De fato, de ano para ano, verificamos que as diversas iniciativas, realizadas no mundo, para captar a atenção da comunidade, ganham maior impacto. Contudo, apesar dos progressos, há ainda muito trabalho a fazer no que se refere ao combate ao estigma, à informação e à formação.
É essa a opinião de Luísa Calçada, geriatra da Misericórdia de Pernes. “Fala-se muito da demência, mas não se vê o trabalho feito na área. O cuidado de tratar de uma pessoa idosa que esteja envolvida na comunidade, ou mesmo estando num lar, mas que tenha as suas capacidades é diferente de tratar de uma pessoa com demência. E duas pessoas distintas com demência têm que ter um tratamento diferenciado. Há ainda muito a fazer nesta área”, afirmou.
“Temos que agir hoje, trabalhar, afincada e concertadamente, na prevenção para que possamos dar melhor qualidade de vida às pessoas com demência, famílias e cuidadores”, concluiu.
Foi precisamente esse pressuposto que esteve na base da criação, em 2016, de uma resposta especializada em demências.
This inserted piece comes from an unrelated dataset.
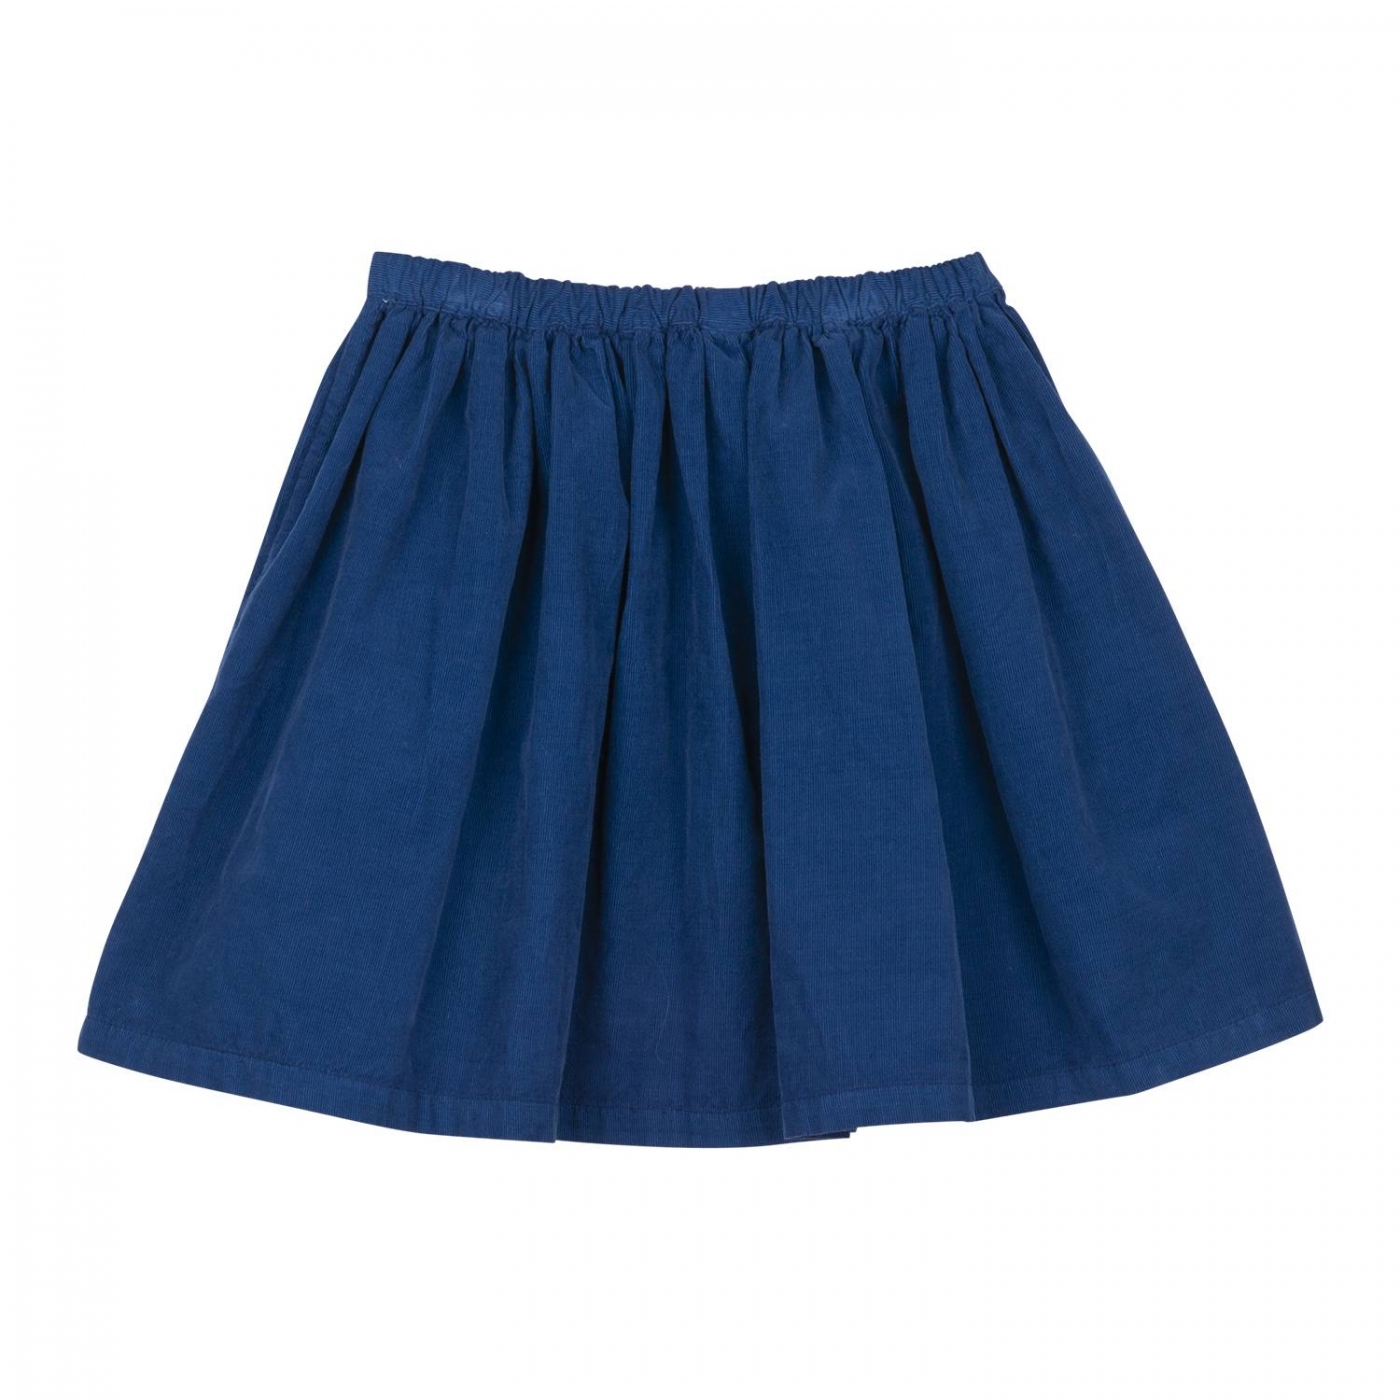 Bonton Skirt Jupe f pat blue

A obra tem o cunho pessoal do provedor da instituição, Manuel Maia Frazão, que destacou o esforço de uma “equipa comprometida” com “o cuidar com bondade” aqueles que mais precisam.
Mas, mais do que cuidar de quem sofre, para Maia Frazão, importa dar apoio às famílias. “Sabemos que as famílias, mais do que os utentes, sofrem por estar a cuidar deles. É muito desgastante. Cuidar das famílias para o descanso do cuidador é tão importante, em muitos casos, como cuidar do próprio doente”.